As Sandpoint-based Coldwater Creek enters bankruptcy and planned liquidation, Idaho taxpayers are losing out on thousands of dollars that subsidized worker training for some of the company’s staffers. The Workforce Development Fund, a corporate taxpayer-supported program, is used by state departments to lure handout-hungry corporations to the Gem State. It contracted with Coldwater for $62,000 in training funds.

The state pays out training funds to encourage companies to train workers for new jobs or retrain employees to avoid layoffs. Companies participating in the program must meet certain guidelines, including paying workers $12 per hour and offering health benefits.

Bob Fick, spokesman for the Idaho Department of Labor, told IdahoReporter.com that the company used $44,000 of the contracted amount.

Because the state has no method to recoup the money, taxpayers are out the cash.

Coldwater’s failure is just another smudge on the program’s record and the losses continue to pile up as key state lawmakers continue to call for a comprehensive review of the program.

The press office for Gov. Butch Otter, who has praised the state program, did not take a position on conducting a thorough legislative review. The program was founded in 1996 and has paid out more than $62 million in subsidies.

Jon Hanian, the governor’s press secretary, did tell IdahoReporter.com that Ken Edmunds, the new director at the Idaho Department of Labor, is conducting a review of the program.

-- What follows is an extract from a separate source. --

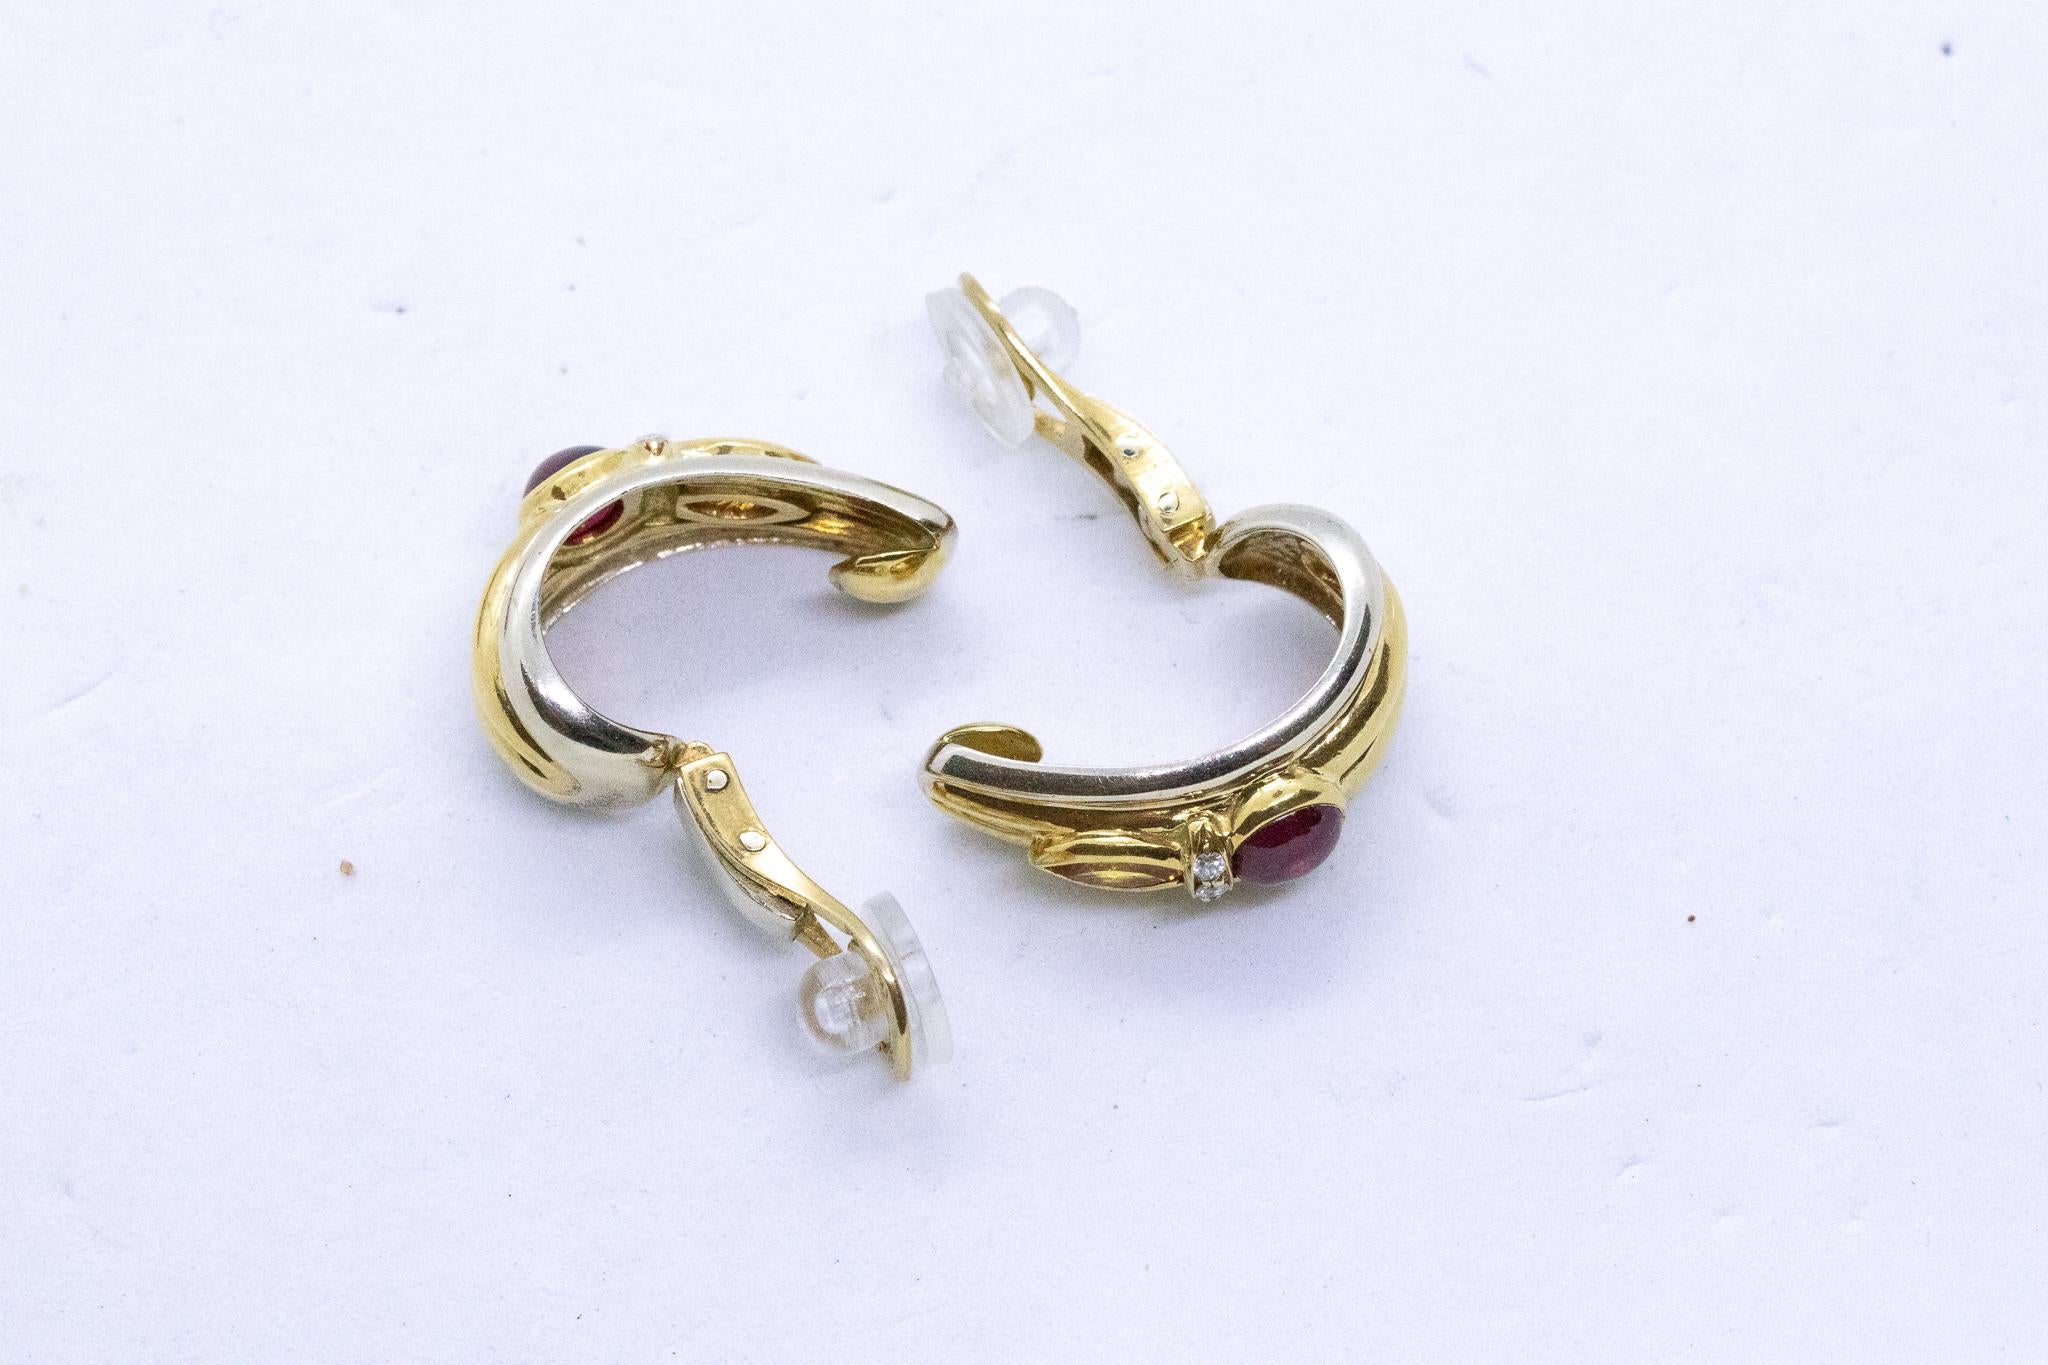  Chaumet Paris Clips d'oreilles en or 18 carats avec rubis, saphirs et diamants de 2,34 carats Pour femmes 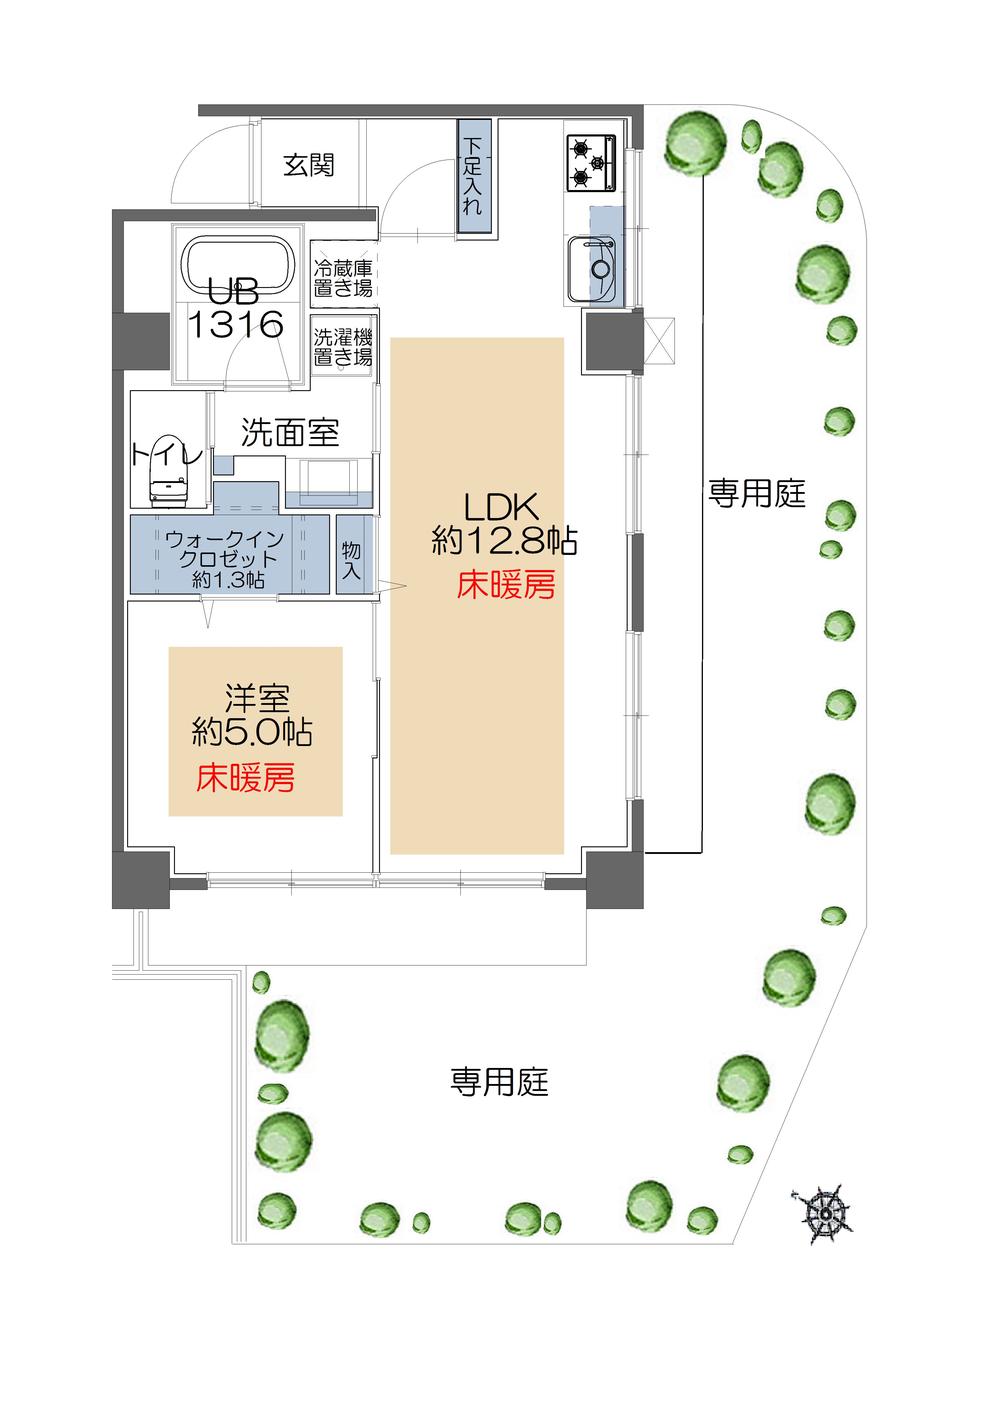 Floor plan. 1LDK, Price 38,300,000 yen, Occupied area 43.62 sq m

An audit is timely, given the recent failures of businesses associated with the fund. Within the last 12 months, at least three companies that received cash from the program have closed their doors: Coldwater Creek, food processor H.J. Heinz and polysilicone manufacturer Hoku.

The losses in taxpayer dollars from those three businesses alone exceed $1 million.

The overall hit to taxpayers is likely greater, though. A 2012 audit conducted by the Idaho Department of Labor concluded that only 40 percent of the program’s contracts were effective and the rest were either ineffective or their impact was unknown.

In all, the ineffective and unknown contracts checked in at more than $10 million in subsidy spending.

Several lawmakers, including state Reps. Steve Hartgen, R-Twin Falls, and Tom Loertscher, R-Iona, and state Sens. Cliff Bayer, R-Boise, and Chuck Winder, R-Boise, have called for the Legislature to review the Workforce Development Fund.

“We’re short on the impact of whether it’s negative or positive,” Loertscher, the chair of the powerful House State Affairs Committee, told IdahoReporter.com. “That’s why we need to have a thorough look at it.”

Besides the obvious waste involved in the ineffective contracts and companies closing their doors after receiving subsidies, some critics worry that such incentives might actually hurt the economy policymakers are trying to boost.

Peter Crabb, an economist with Northwest Nazarene University in Nampa and a member of the board of scholars for the Idaho Freedom Foundation, recently called into question economic incentives states use to draw businesses.

“According to the Institute on Taxation and Economic Policy in Washington, D.C., local governments devote about $50 billion of their annual budgets to tax incentives with little to show for it,” Crabb wrote in an Idaho Statesman column. “Even further, the programs create ‘a drag on national economic growth’ because of the additional borrowing or other taxes needed to cover the programs.”

Note: IdahoReporter.com is published by the Idaho Freedom Foundation.